Священный лес или Голливуд, роман, гл. 36

36.
Как-то растеклось действие по временной оси. Смотри-ка: женщины немного посидели на кухне, выпили и пошли спать. Вольшов эту ночь уже пережил, с Катей. Даже и следующий день его перевалил за полдень, а Мэслоу всё ещё вертит в руках ключ от комнаты в мотеле. Тот самый, с привязанным пузырьком, чтобы не украли, верней, не унесли нечаянно. И Арчи быстро понял, почему могут нечаянно унести, и оценил планировку дома: боковая лестница вела с улицы прямо на второй этаж. Мимо дежурного проходить не было нужды. О, счастье! Не пришлось тащить Верку мимо этого типа с наглым, понимающим взглядом.

Он надел на неё свою куртку, скорее, завернул её в свою кожанку, прикрыв рваный хукерский наряд, но факт, что можно незаметно проскользнуть наверх, был большим утешением. И комната оказалась на удивление хорошей. Хоть этого и трудно было ожидать, если честно. Если судить по лестнице, вестибюлю с дежурным у наскоро сооруженной фанерной стойки,  то приготовиться стоило к худшему. Но комната была хорошей. Даже не комната, а настоящая маленькая квартирка. Только что после ремонта. Даже пахло ещё свежей краской и обойным клеем. Специфический такой запах, но не резкий.

Арчи огляделся в маленьком коридорчике и прошел в комнату. Потом вернулся и кивнул Верке: иди сюда. Она так и стояла, прислонившись к стене с зеленовато-синими веночками на обоях, и лицо странно сливалось с общим фоном. Жалкое бледное лицо с нечетким контуром полустёртой помады. Об этом никто не должен знать! Об этой комнате, Верке в ней, долларах в ждущей руке дежурного. Этого никто никогда не узает! Арчи не хотел, чтобы так случилось. Впрочем, чего он хотел – ещё вопрос. Но он не планировал. Нет, так он не планировал. Однако теперь, когда дверь закрылась, отделив их от мира в такой неожиданно уютной квартирке, дело уже было сделано. Но случилось это само. Всё просто произошло. Он не планировал, не хотел.
Но как же хорошо здесь! И всё можно скрыть, просто не думать о мире вне этих стен. Какое облегчение! И как здорово, что здесь чисто! И тихо. Казалось, что на всём этаже это была единственно обитаемая квартира. Посредине длинного коридора.  На других дверях даже и номеров не было, только на этой прибита маленькая овальная табличка, эмалированная с черным номерком. Двадцать четыре, между прочим. А на ключе – 25. Игра славянского ума! Но ошибиться и впрямь тут нельзя. На других дверях по коридору никаких табличек не было. И это была единственная покрашенная дверь.

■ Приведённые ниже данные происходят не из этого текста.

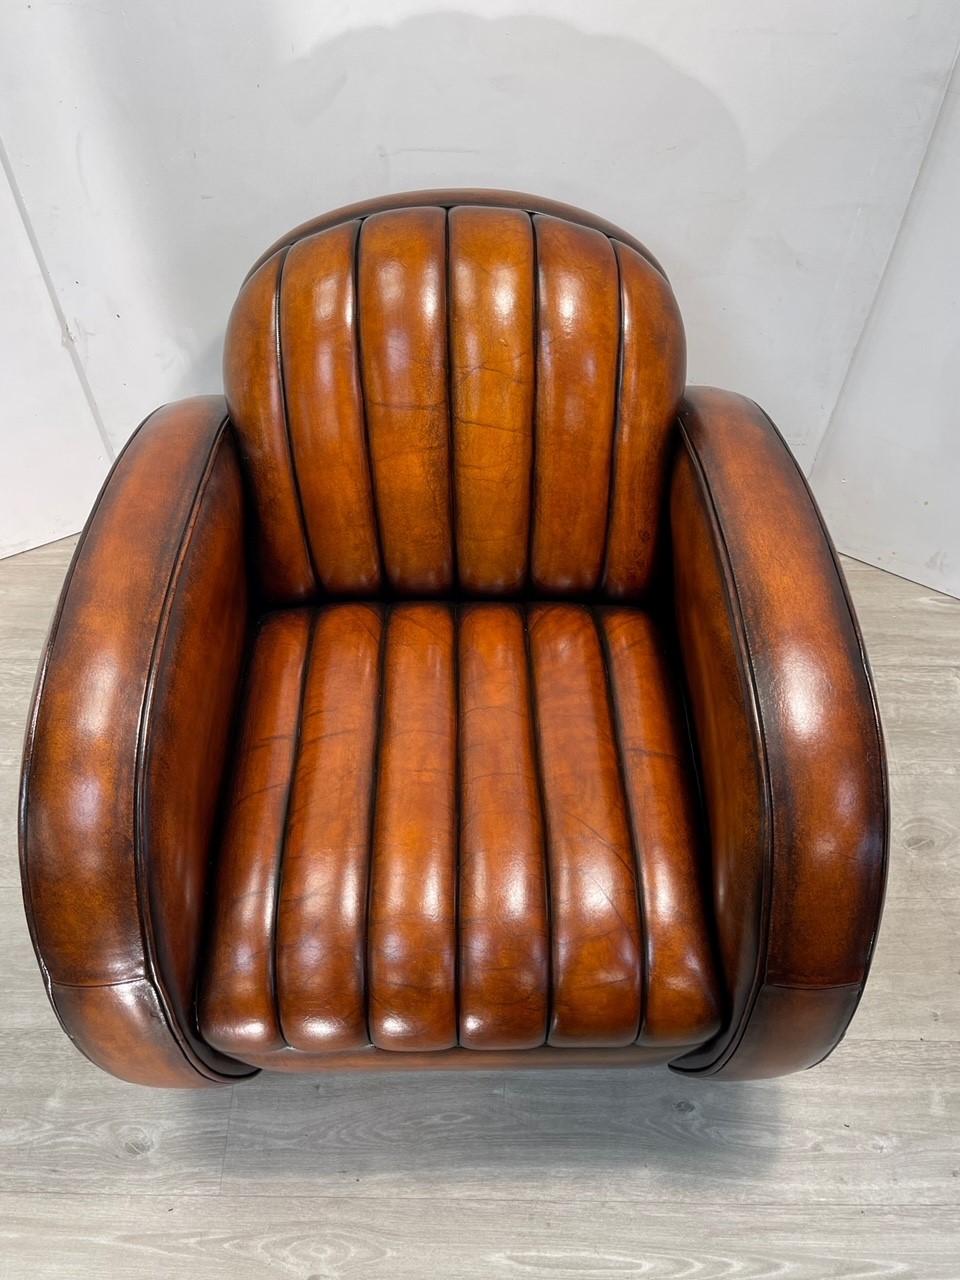 Hand-Crafted Rare Vintage Mustang Car Seat Armchair Based on the 1966 Fastback Brown Leather

Странноватое место.  Но дверь закрылась. А внутри было хорошо и спокойно. Остальной мир исчез. И какая тишина! В коридоре ещё отдавался низкий ритм музыки с первого этажа, что доносилась из какой-то таинственной глубины за стойкой дежурного. Ритм дрожал в Арчи, когда он вел неприятные переговоры с дежурным. И он был тревожным фоном всю дорогу сюда, когда он бысто тащил Верку по пыльной лестнице, по коридору, скорей-скорей, - прикрыв её срамной вид своей курткой. Но теперь всё стихло. И вместе со звуком пропал стыд. Арчи успокоился, расслабился, и губы невольно растянулись в улыбке. Посмотрел на неё.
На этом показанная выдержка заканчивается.